Later, when Bernie takes his family out for a day of fun, he briefly leaves to search for Ken and Blue, only to have his truck attacked by the boar. Though injured, he survives and loads a rifle to go after the pig and protect his family. Sasha goes out to look for her father. As Robert and Bruce go looking for Bernie after hearing his car crash, they encounter the boar, which kills Bruce after Robert leaves him for dead. Arriving too late to save Bruce, Bernie manages to shoot the boar, enraging it. As Ella, Bart and Debbie reunite with Robert, he is killed by the wounded boar, which steals him from right in front of them. As Bernie returns to rescue them, he tries to lead Ella, Bart and Debbie to safety, only for night to fall and Bernie to lose his gun. The boar then attacks Bart when he trips and falls, dragging him away. After making it to a nearby shed, the remaining family members grieve, after which Bernie says that the only way to stop the pig is to kill it. Before they can make a plan, the boar attacks, with Bernie fighting it to allow Ella and Debbie to escape. Though he wounds the boar, it still defeats him by trampling over him before going after Ella and Debbie. By this point, the two women have constructed multiple fires to try and keep it away, but the boar attacks as they try to fend it off with their torches, managing to savage Ella's leg.
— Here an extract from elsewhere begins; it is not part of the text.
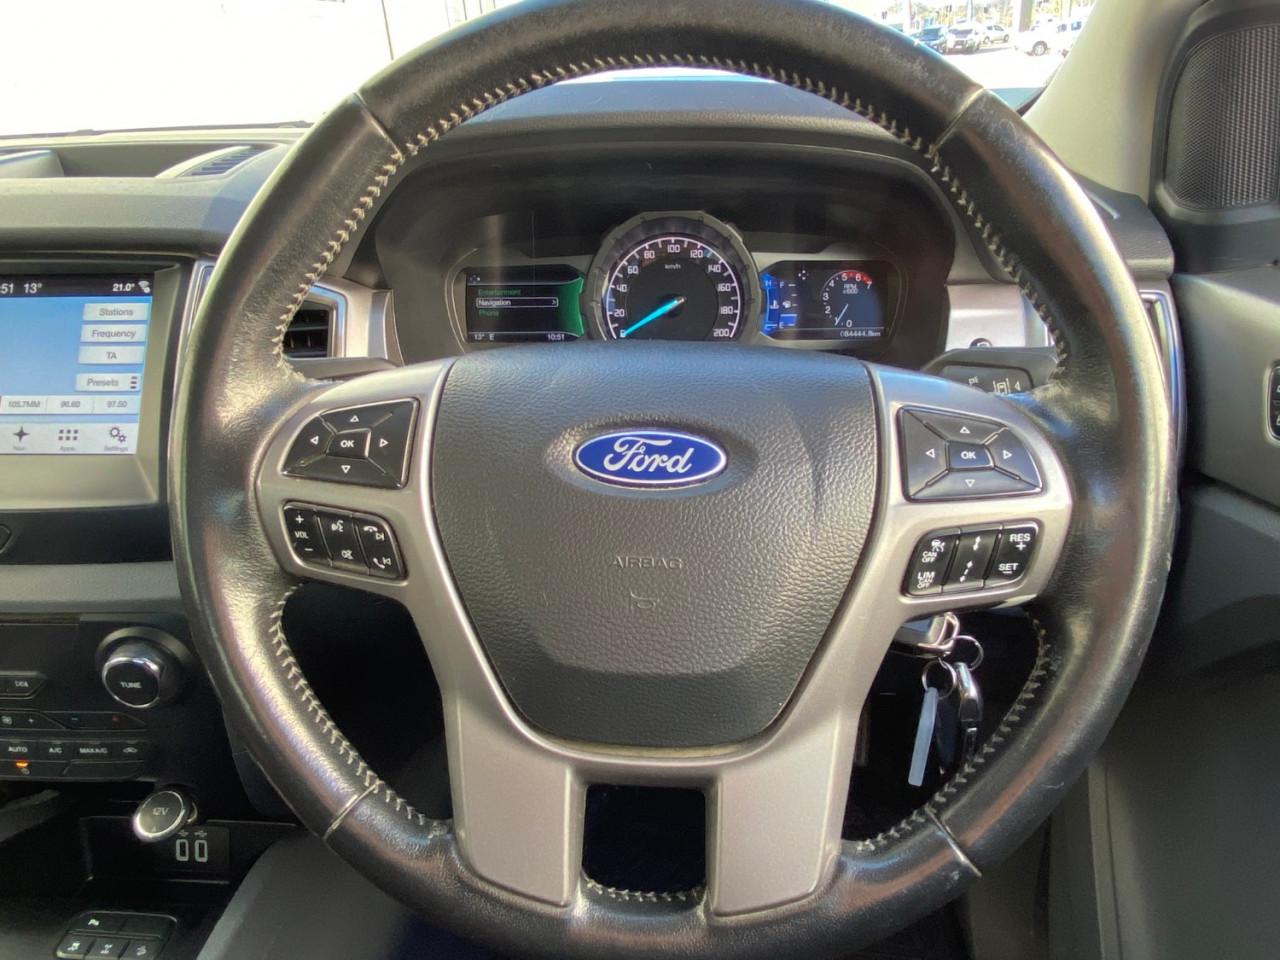 2016 Ford Ranger PX MKII XLT Ute
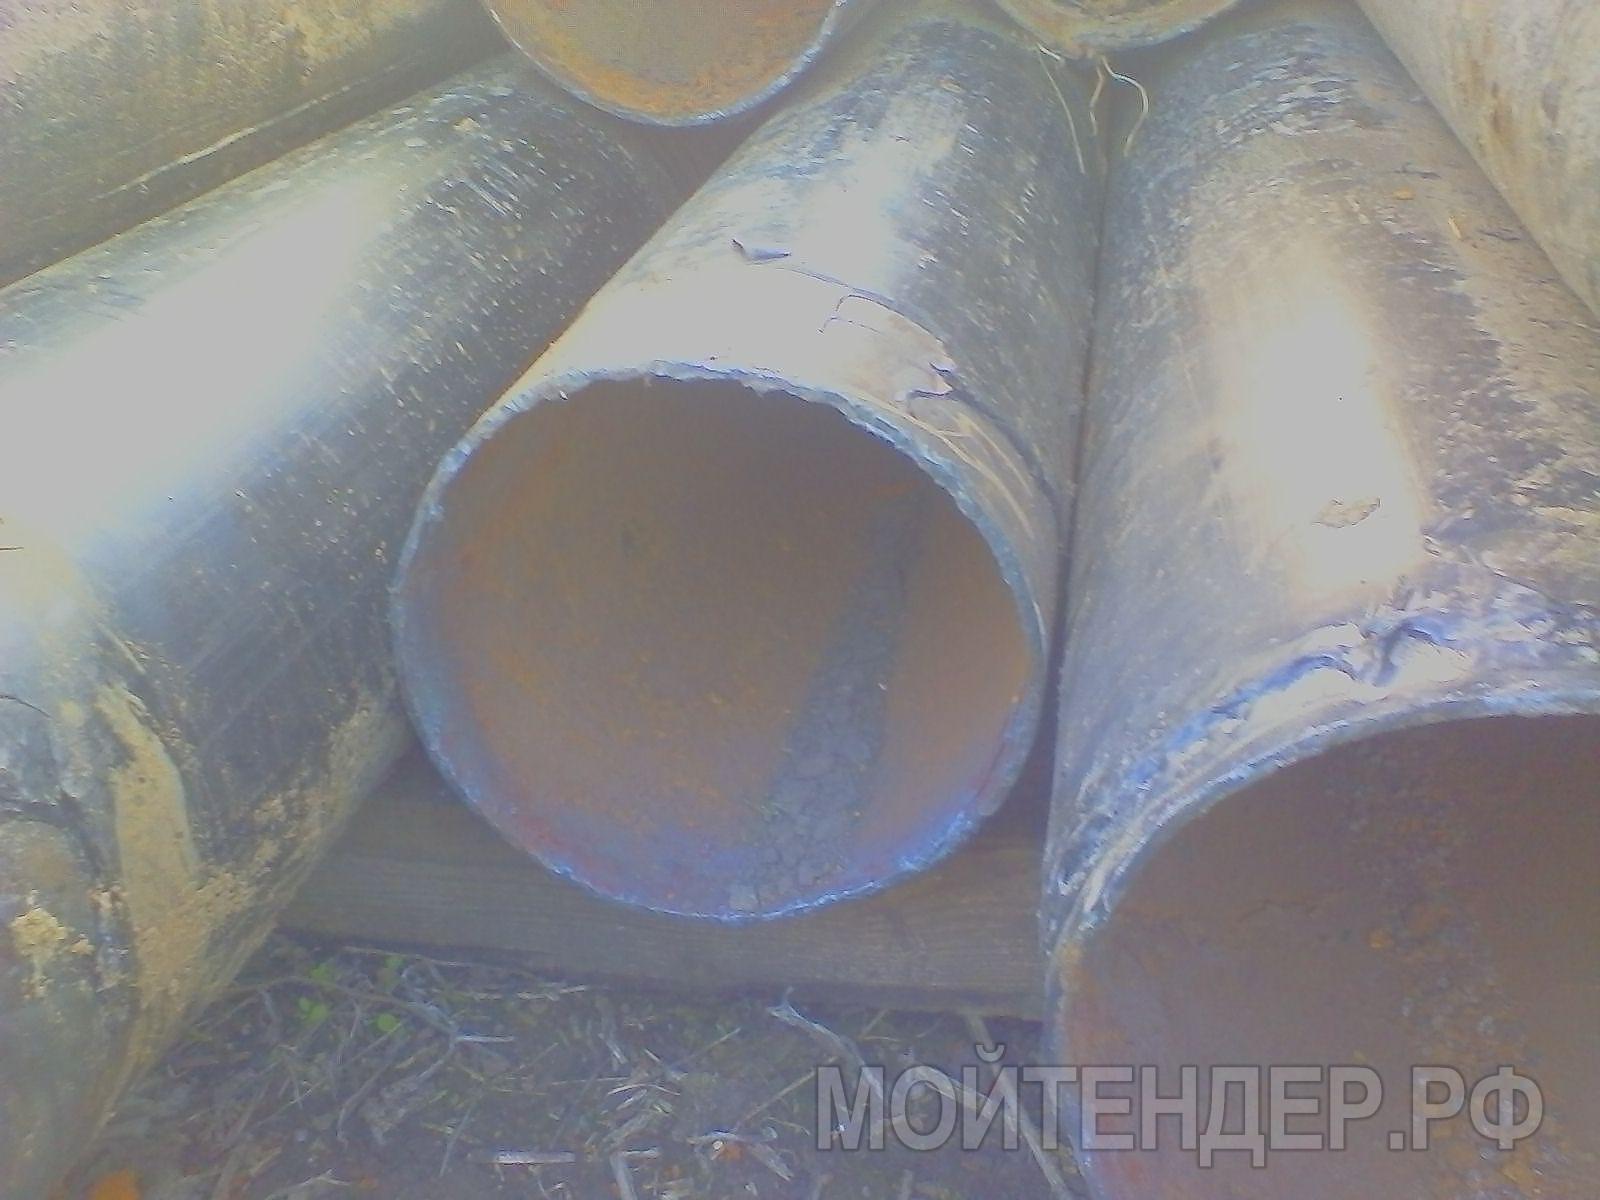 Мойтендер.рф-304-42-2626: Фото 6

The boar's attack is halted when Sasha comes to their rescue, hitting the pig with her truck, gravely wounding it. As the mutilated boar tries to attack again, Debbie shoots it to death with Sasha's shotgun, ending its reign of terror once and for all. As they begin to drive away, the three women find Bernie and Bart, alive but badly wounded. As the five drive away to safety, another giant boar appears as the camera fades, letting out a defiant squeal...

== Cast ==
- Nathan Jones as Bernie
- John Jarratt as Ken
- Christie-Lee Britten as Ella
- Melissa Tkautz as Sasha
- Ernie Dingo as Ernie
- Roger Ward as Blue
- Hugh Sheridan as Robert
- Bill Moseley as Bruce
- Chris Haywood as Jack
- Ricci Guarnaccio as Oscar
- Madeleine Kennedy as Hanna
- Griffin Walsh as Bart
- Simone Buchanan as Debbie

==Release==

===Home media===
The film was released on DVD by Image on 3 December 2019.

===Critical response===
Boar received mixed reviews from critics upon its release. Anton Bitel from SciFi Now criticized the film for its uninteresting characters, derivative plot, and repetitive revealing of the title monster. Bitel concluded his review by writing," For while Boar plainly advertises the big beast to come, it also hints homophonously at an absence of sufficient entertainment to see us through its duration." Niall Browne from Movies in Focus gave the film one out of five stars, criticizing the film's performances, "flat" humor, and plot. However, Browne commended the film's practical effects, while stating that the use of CGI effects during the film's finale was poor and unconvincing.

The film wasn't without its supporters. Jonathan Barkan from Dread Central awarded the film three and a half out of five stars, writing, "Hindered by strange pacing and restrained by the limitations of a giant practical pig, Boar still manages to be a thoroughly entertaining and wildly savage bloodbath through the beauty of the Australian bush."
Jeremy Aspinall of The Radio Times gave the film three out of five stars, stating that while the film lacked originality, its performances, and withholding of its titular antagonist until the finale was commendable.

===Accolades===
The film was nominated for Best Creature FX at the 2020 Fangoria Chainsaw Awards.